"The Love Industry" - Or - "Two depressed white queer people versus New York City"

Great news!!!!! Our short documentary, “The Love Industry” will premiere on October 15th, 2016 at the Margaret Mead Film Festival in Manhattan. The festival is hosted by the American Museum of Natural History. For ticket information please visit http://www.amnh.org/explore/margaret-mead-film-festival-2016/films/the-love-industry/ 

We developed this project a year ago as part of an NYU graduate thesis project. The NYU department responsible is the Program in Culture & Media, Department of Anthropology which is currently celebrating their 30th anniversary and is led by Dr. Faye Ginsburg. 

This is a 20-minute film that takes a different look at online dating. Many projects that involve online dating are frustratingly superficial. For those interested in media related to online dating, you’ll either find projects about catfishing, user experiences, the shock-and-awe of mobile technologies, and tying a neat little bow on a heteronormative love story. I’m uninterested in these stories. As far as the technology goes, mediating love has been around for the last 300 years, and a mobile phone is just one new way of looking for love and/or sex.
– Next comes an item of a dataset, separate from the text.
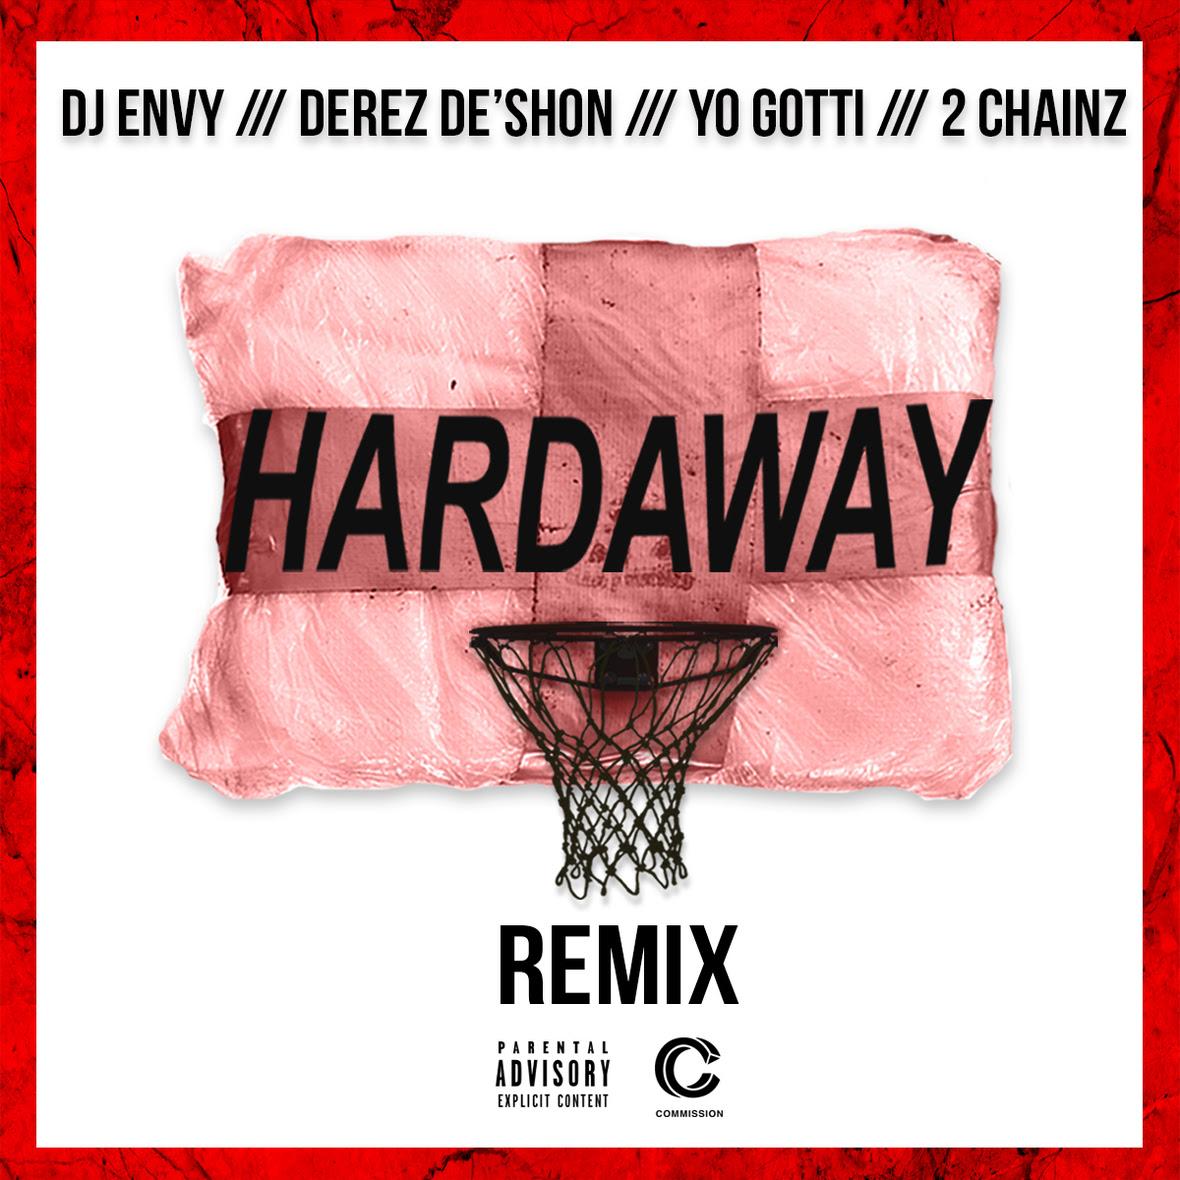 Hardaway by Derez De Shon REMIX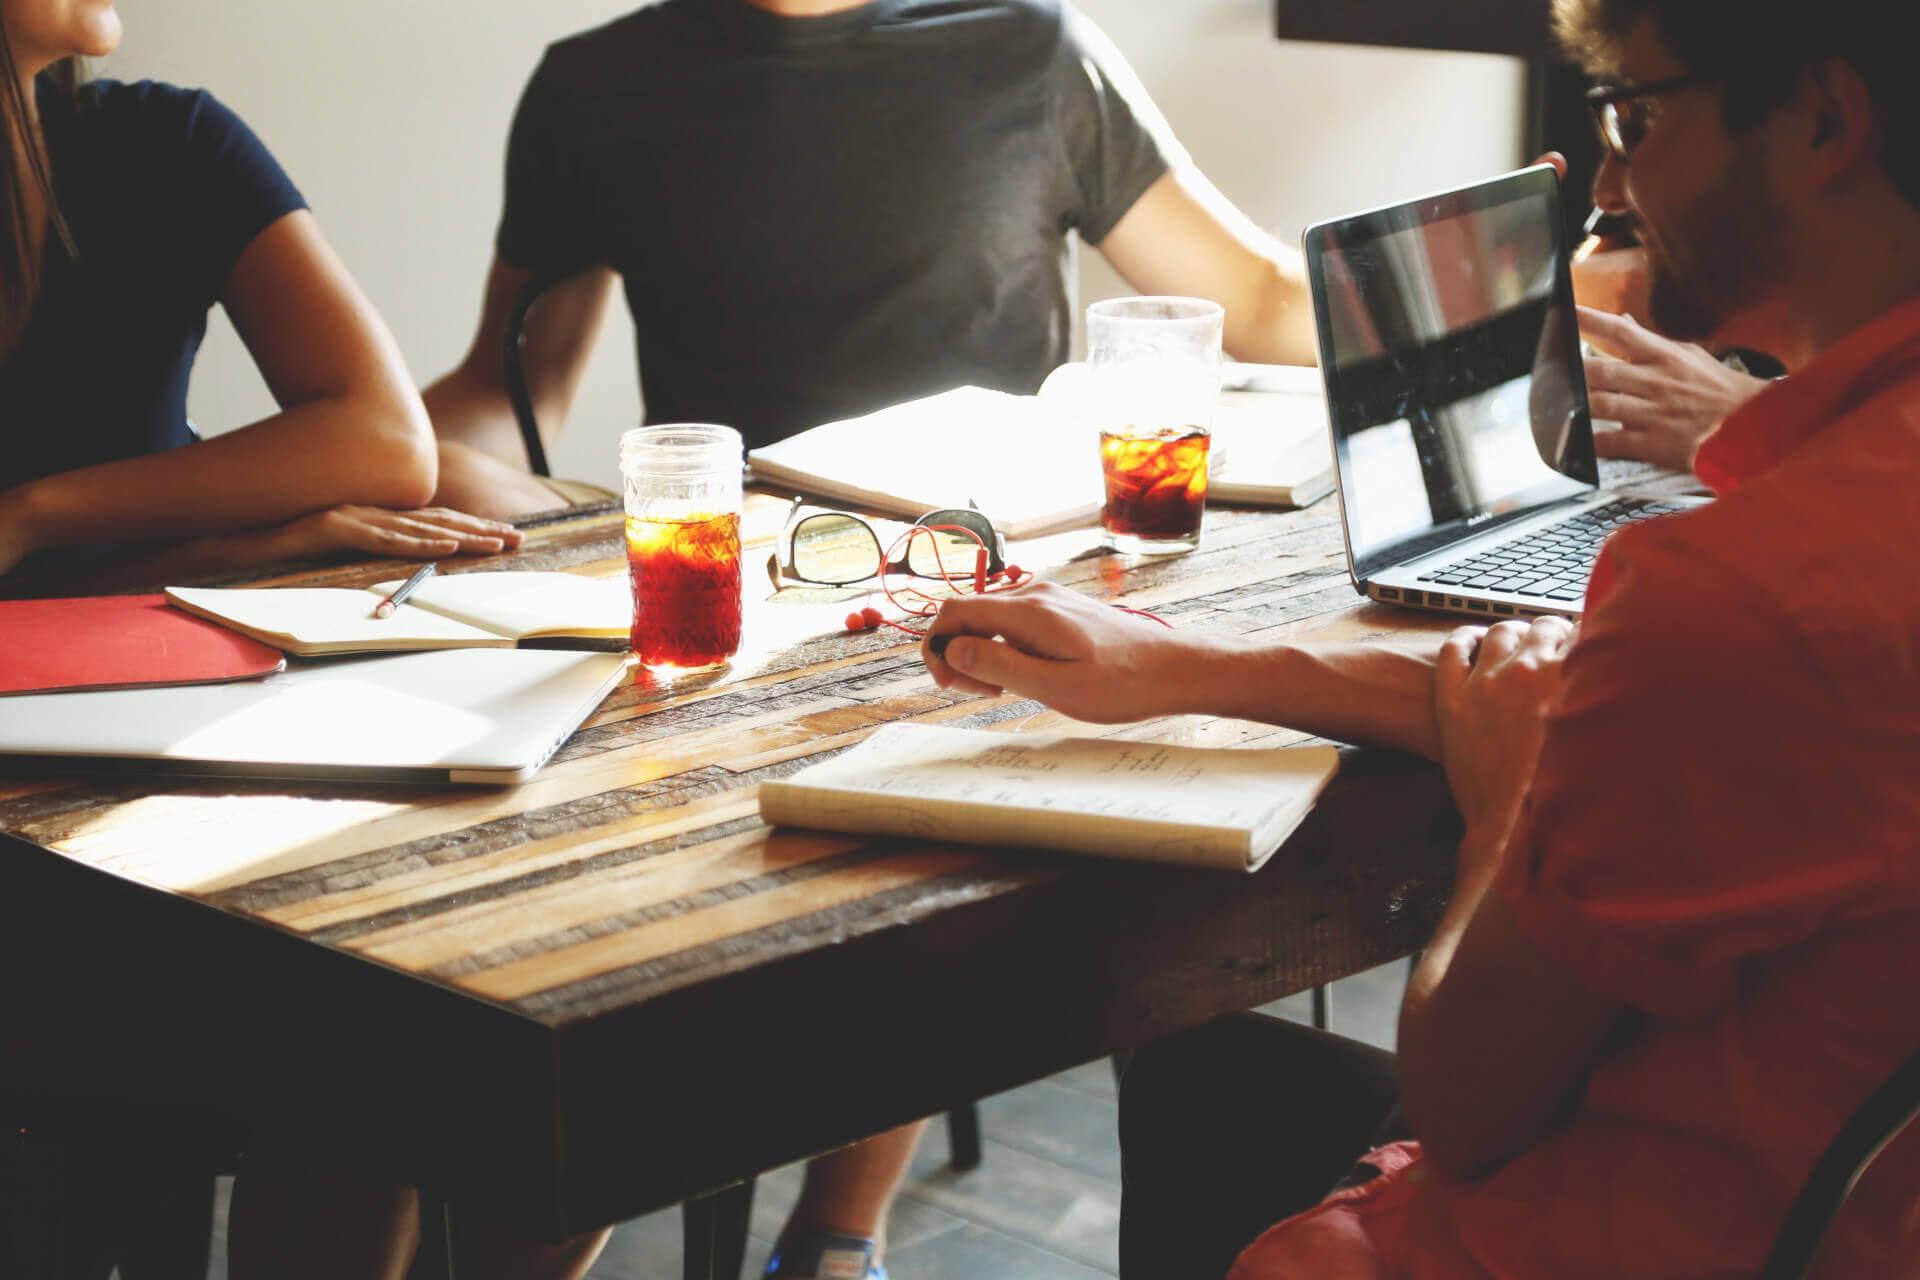 O que é blended learning? Como usá-lo em treinamentos empresariais?

I truly feel like we need to get over this shock-and-awe factor in order to appreciate the nuance of this connective interface. 

So the backstory on this project: I went on one “date” in the fall of 2014 with a woman I met off Tinder. We met at a bar in Williamsburg around 3am. Her name is Lisa and she’s a writer and online dating profile ghostwriter. Her work interested me, but I was more interested in the generalities of how she expressed her personal and professional persona. She’s, well, intriguing and somewhat addictive to be around. We didn’t really stay in touch until the spring of 2015 when she called me for a phone interview. She was doing research for her new book, You Probably Shouldn’t Write That: Tips and Tricks for Creating an Online Dating Profile That Doesn’t Suck. Nothing I said about dating made it into the publication of her book because I was way off-base with what she needed. I made my answers too academic. Honestly I was probably trying to impress her with my jargon. Didn’t work. 

Later that year I was on my way to my first thesis seminar ready to pitch an idea for a film. No, the film was not the one that would become “The Love Industry”. Instead I had a film idea that began with an actor in Chicago and his relationship with a professional clown who is also a Jesuit priest and philosophy professor. It was to be a film about performance and the healing power of laughter. As I was pacing around Broadway and 8th ready to pitch this idea, I receive a text from a woman, let's call her, um, Kate. Kate and I were dating for the last 18 months - long distance from Chicago. The text simply said, “We’re through”. Was I just dumped over a text? Yes, I was just dumped over a text. A damn text. Somewhat confused, and definitely distraught, I walked into my seminar ready to pitch my priest/clown documentary when the panel agreed that the material just wasn’t very timely. There was no sense of urgency in sharing that story. “What else do you have?” they asked. All I could think of at that moment was Kate and dating and how we met off OkCupid, and I blurted out that I once met a woman who professionally ghostwrites online dating profiles. “Love it!!! It’s so - NOW!” they exclaimed. “You could film yourself going on dates, it will be great!” I was told. My eyes rolled so far back into my head I could see my own brain implode. Dating was the very last thing I wanted to think about at that very moment, and now I’m going to potentially make a film about it.

Needless to say, I didn’t film myself going on dates. God, no. 

It turned out that there’s a ton of material on the topic and I could take this story pretty much any way I wanted. We have enough to cut a feature, but not enough budget for the lawyer fees and promotion it takes to get a feature cut together. We talked to dating professionals, consultants, actors, photographers, humorists, and even an actress that went on a bizarre date with Martin Shkreli. I have the rights to a New York Post video about a professional female penis photographer. Unfortunately none of that made the 20-minute short version, but instead what is left is a piece that opens up, what I hope, is a larger conversation about online dating because our audience is comforted with seeing the underside of the dating industry. It's a story that recaps dating, but also paints a portrait about what Lisa's role in my life means and the interesting timing of the film production. It’s not that I believe that online dating is being misrepresented, or that struggles aren’t being had, but I do believe that there’s a shockingly small cross-section of stories out there about online dating and it’s depressing people. I don’t want people asking what online dating is, I want them asking what online dating means for themselves. Nuance is beautiful. 

Full Synopsis: How does one construct love in the digital world? Filmmaker, Matthew Cusimano, a professional wedding videographer, discovers Lisa Hoehn, a professional online dating profile ghostwriter. Cusimano relates to Hoehn’s exhaustive lifestyle of constructing the romantic stories of strangers and follows Hoehn’s creative process after her first book publication and exposure to the media. As Cusimano and Hoehn reflect on edited romance, Hoehn reveals the struggle with maintaining her own personal relationships and illustrates the complicated role of working in the relationship industry.